Butoh, or “Dance of Darkness,” is an avant-garde dance theater form that originated in Japan in the 1960s and is one of the major developments in contemporary dance.

Tickets are $8 for students and children and $15 for adults. Tickets are available in person at the Valborg Theatre box office from 9 a.m. until 5 p.m. Monday through Friday, by phone at (828) 262-3063, toll free at (800) 841-ARTS (2787) and at http://theatre.appstate.edu.

The performance culminates Ibey’s weeklong residency with students in the ASU Department of Theatre and Dance teaching classes in ballet and butoh. His performance is hosted by the Department of Theatre and Dance and made possible with support from Appalachian’s College of Fine and Applied Arts and Office of Arts and Cultural Programs.

Ibey’s training includes ballet, mime and movement, but his prime focus in recent years has been butoh. Ibey is one of the few non-Japanese butoh artists whose work is recognized and approved of by masters in the dance form.

“Korrat” is a duet performed by Ibey and Blowing Rock-based dancer G. Alex Smith. It is accompanied by the voices of Bulgarian women singing ancient songs of renewal and regrowth as passed down by generations.
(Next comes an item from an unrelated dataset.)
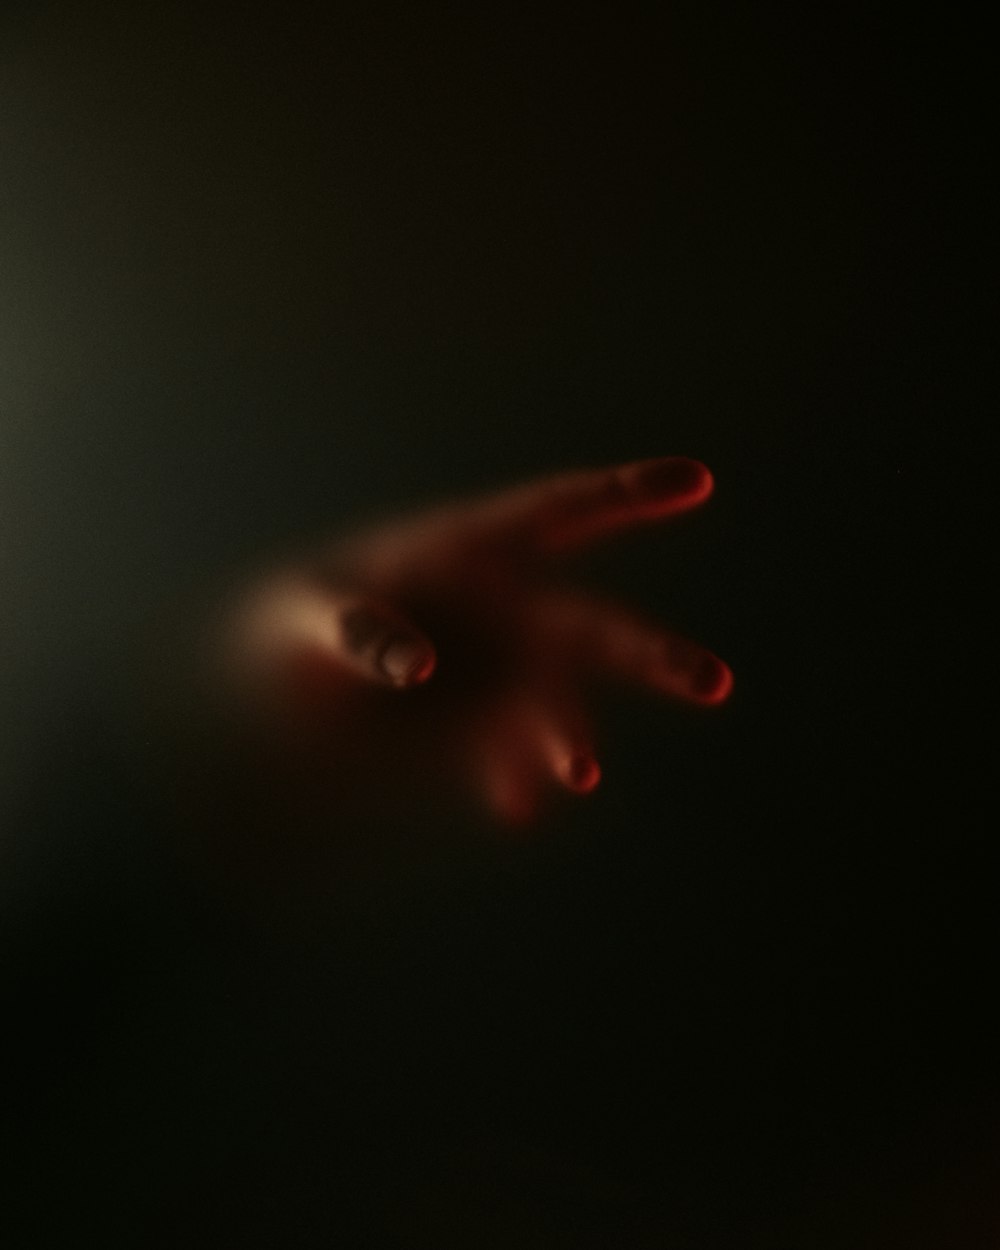 a blurry image of a person's hand in the dark
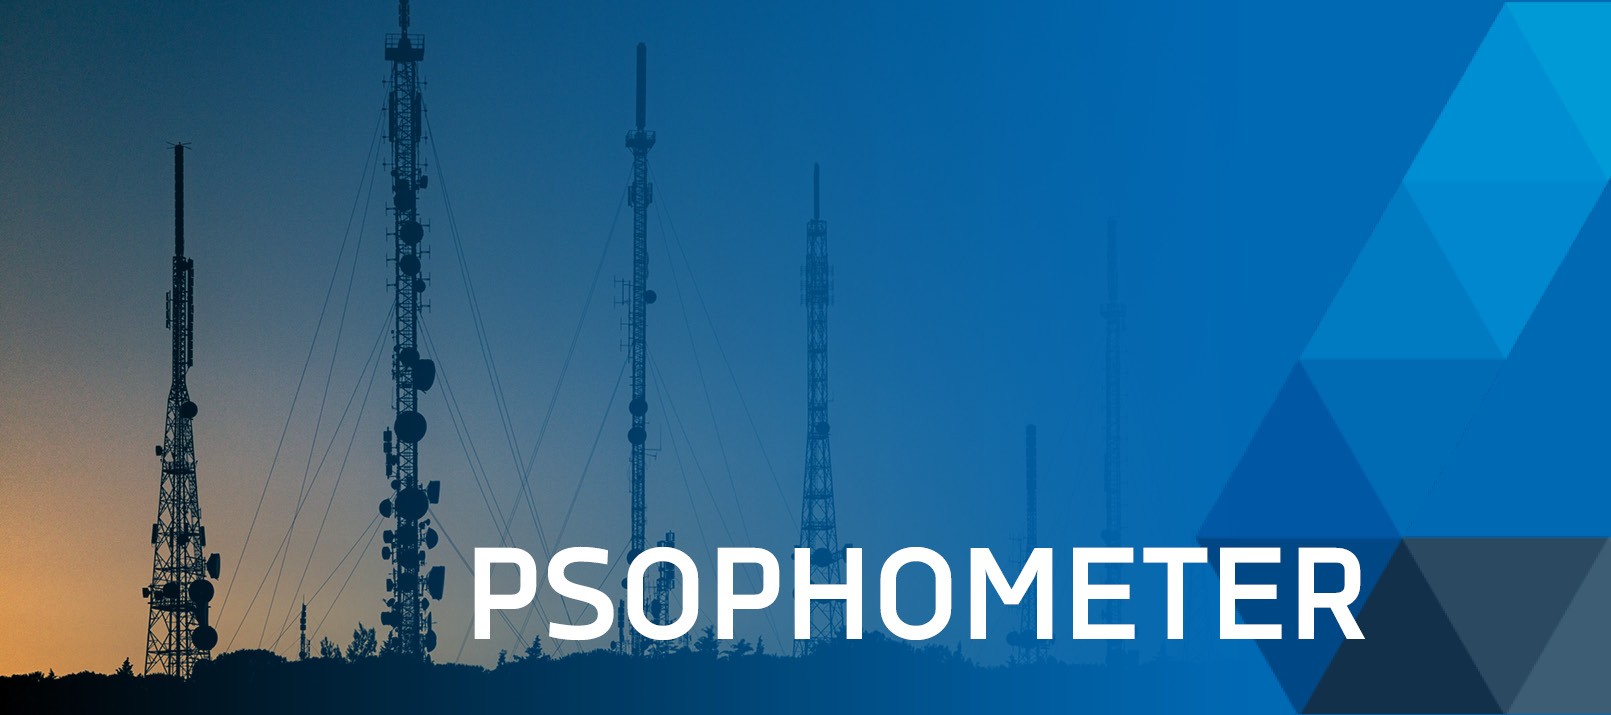 Psophometer used in telecommunication

These primal sounds inject a strong female energy into the dance, which explores themes of fertility, and the life cycle of birth, life, death and rebirth as evidenced, not only in the natural world, but also within each individual human experience, a spokesperson for the the department said.

“Korrat” speaks as an affirmation of people’s efforts to respect and honor the natural world amid so much reliance on technology, the spokesperson said. Ibey draws on the ancient culture of his Irish heritage that holds belief in the goddess, as opposed to god being a man, and respect for the planet.
Butoh has revolutionized how people define dance by creating new forms of movement and expression, the spokesperson said. Its powerful imagery takes its strength from interior movement: the body twists, contracts, extends. Softness, violence, slowness, sensuality and immobility are all part of butoh.

The Valborg Theatre is located on the north side of Chapell Wilson Hall on Howard Street. The door faces the back of the Turchin Center for the Visual Arts on King Street. Parking is available after 5 p.m. on campus in faculty lots and in the College Street parking deck near Belk Library and Information Commons.